Thromboembolic Events While Taking Direct Oral Anticoagulants: An Analysis of Post-market WHO Database Reports from 2012 to 2020.

Abstract

Several cases of venous thromboembolism in patients treated with direct oral anticoagulants (DOACs) have been reported in the literature, but a quantative analysis of postmarketing reports is lacking. The objective of this study was to determine the post-marketing odds ratio (OR) and reporting odds ratio (ROR) of venous thromboembolism in patients receiving DOACs compared among each other and to vitamin K antagonists (VKAs). The OR and ROR were used to determine the ratio of reports for deep vein thrombosis and pulmonary embolism between 1 January, 2012 and 15 November, 2020 using the World Health Organization VigiLyze database. This was performed using all venous thromboembolism events in which a DOAC or a VKA was the suspected medication. The OR and ROR including 95% confidence intervals were calculated for each DOAC drug in comparison to all VKAs as a group. The OR of deep vein thrombosis was highest for rivaroxaban compared with dabigatran and apixaban [2.63 (2.41-2.89); 1.84 (1.72-1.97)]. The OR of deep vein thrombosis was lowest for edoxaban compared with dabigatran, apixaban and rivaroxaban [0.44 (0.32-0.61); 0.31 (0.22-0.42); 0.17 (0.12-0.23)]. The OR of pulmonary embolism was also highest for rivaroxaban compared with dabigatran and apixaban [2.59 (2.37-2.83); 1.79 (1.68-1.92)]. The OR of pulmonary embolism was also lowest for edoxaban compared with dabigatran, apixaban and rivaroxaban [0.77 (0.60-0.97); 0.59 (0.41-0.67); 0.30 (0.23-0.37)]. Comparing RORs of various DOACs with VKAs, rivaroxaban had the highest RORs for deep vein thrombosis/pulmonary embolism, in comparison to apixaban, dabigatran and edoxaban.
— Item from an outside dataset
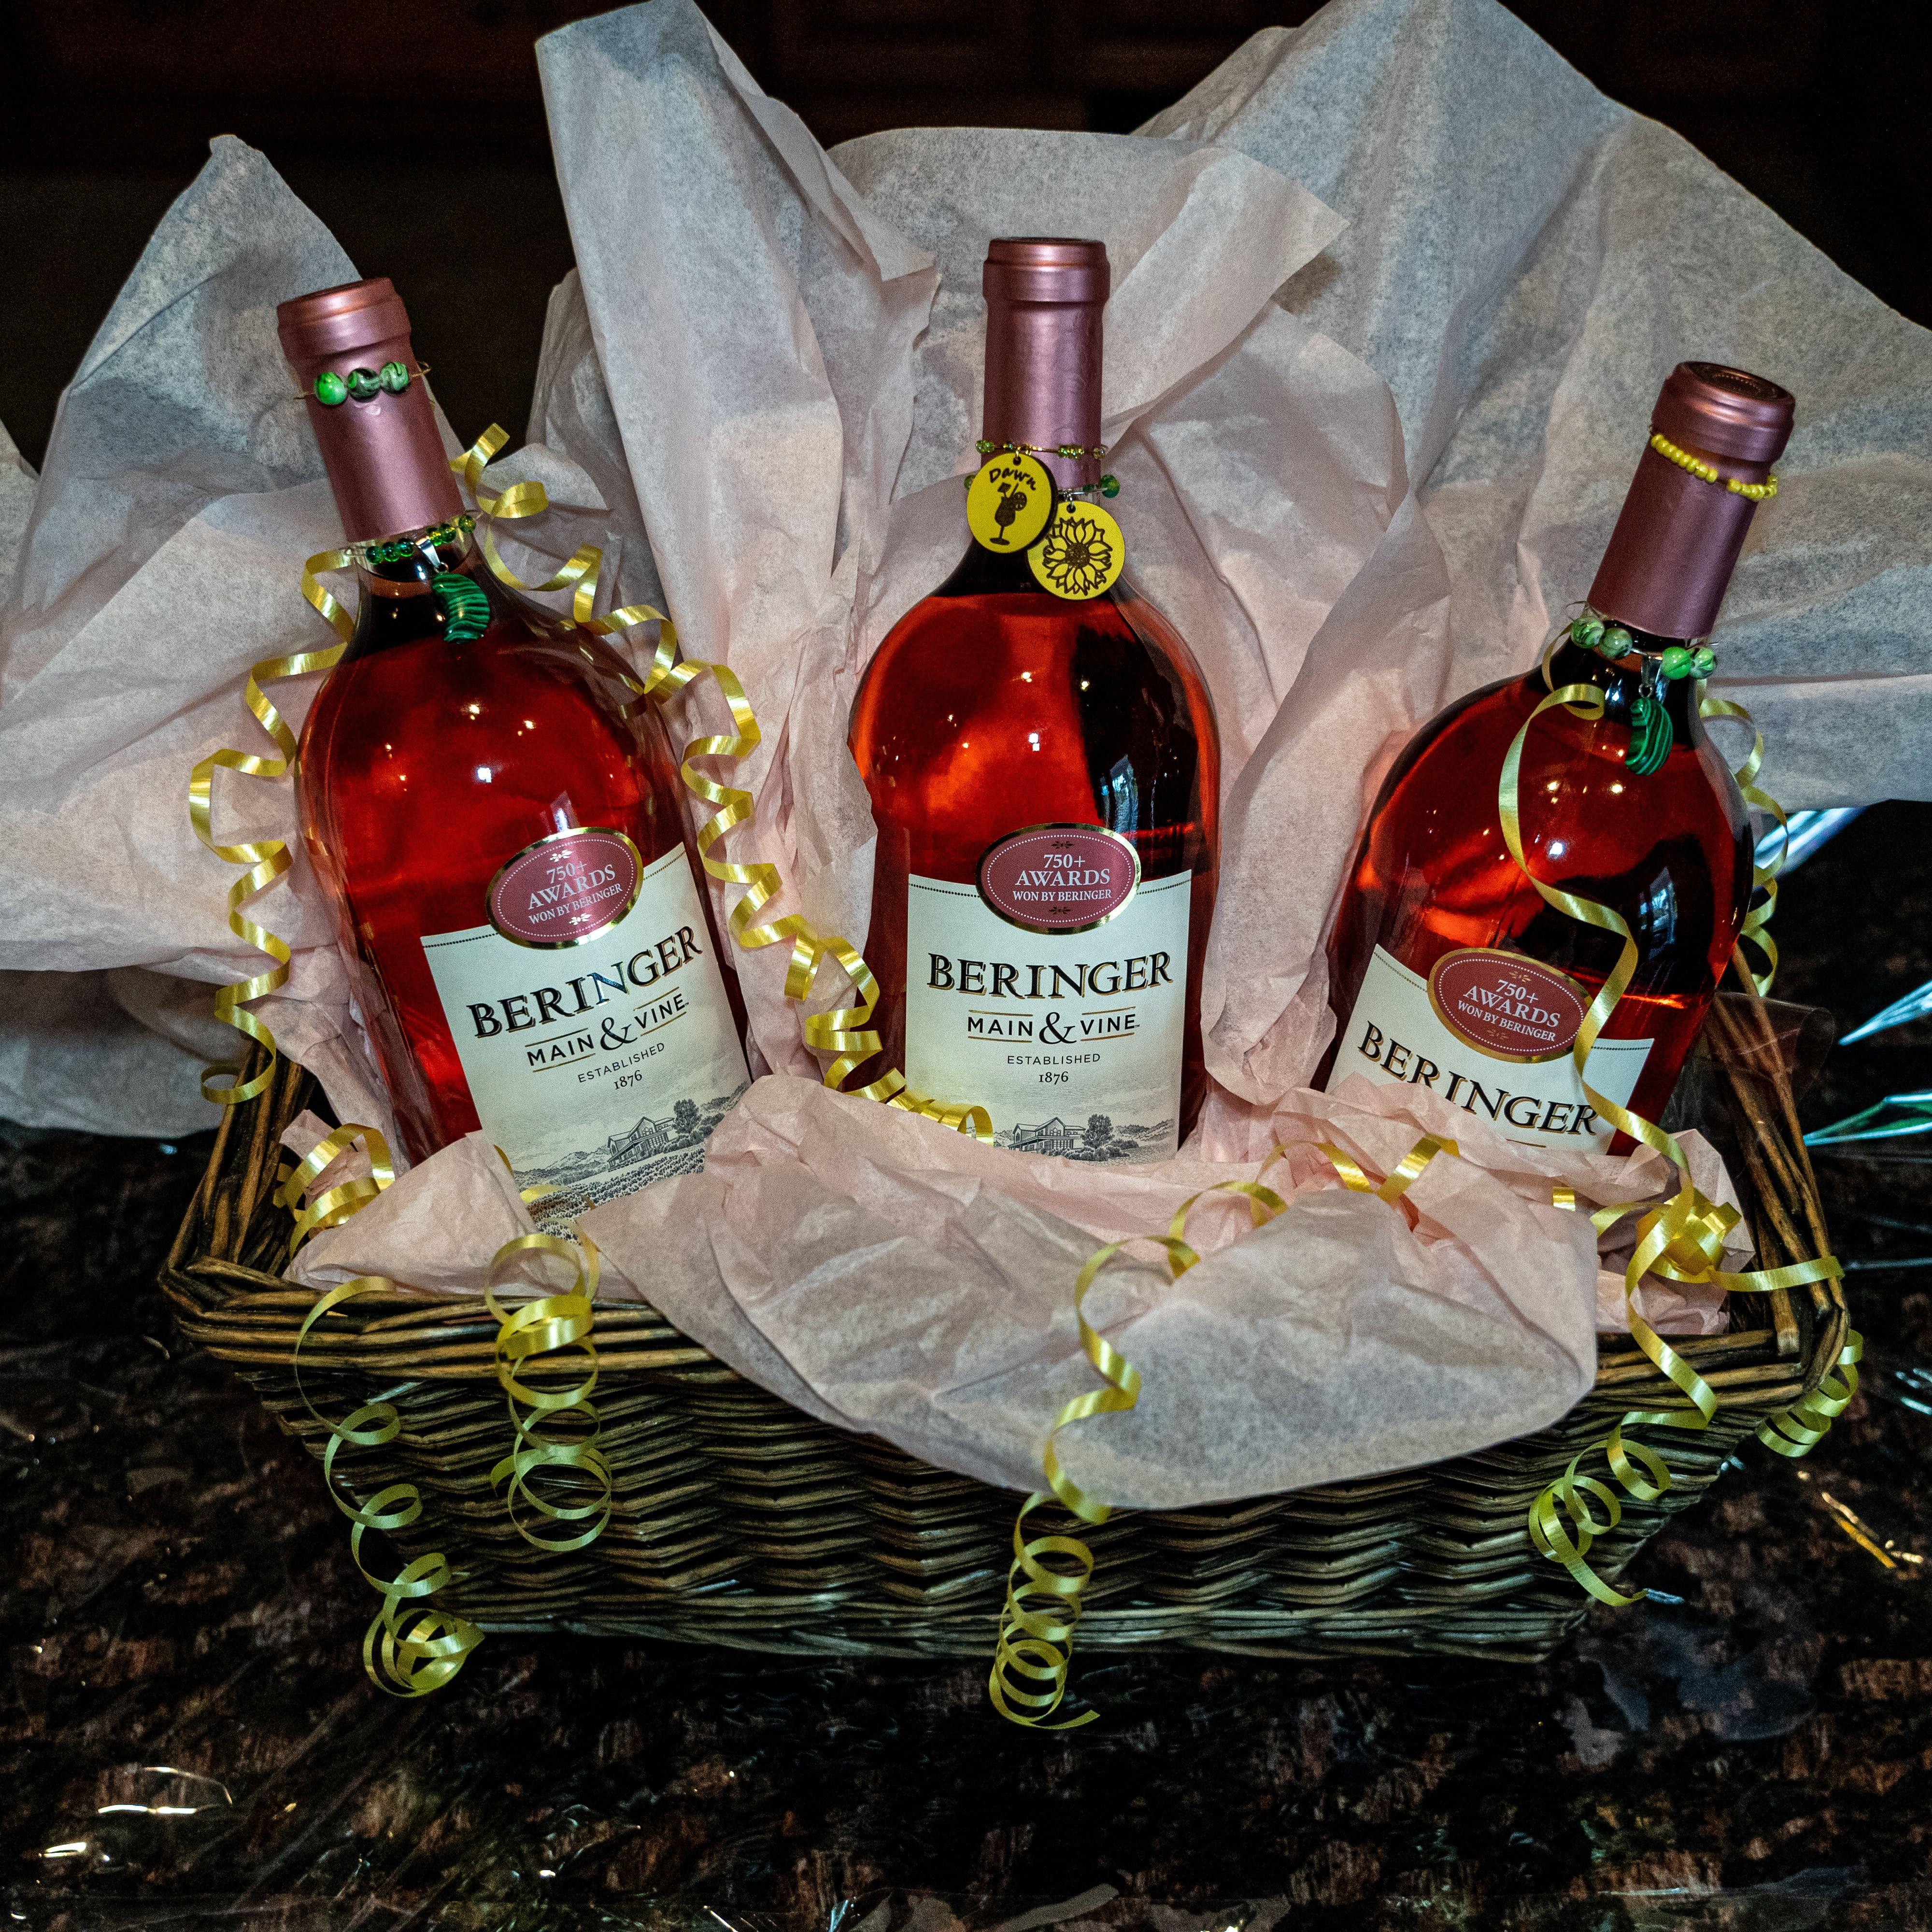 Wine Charm Gift Basket In 2020 Wine Charms Handmade Charm Gift

Our findings may indicate a higher association between rivaroxaban therapy and venous thromboembolism as compared with apixaban, dabigatran and edoxaban. These findings are uncertain owing to the reliability of a post-marketing registration system that is negatively influenced by a high level of under-reporting. However, based on pharmacodynamics, we cannot exclude the possibility that there is a real effect that may be driven by non-adherence.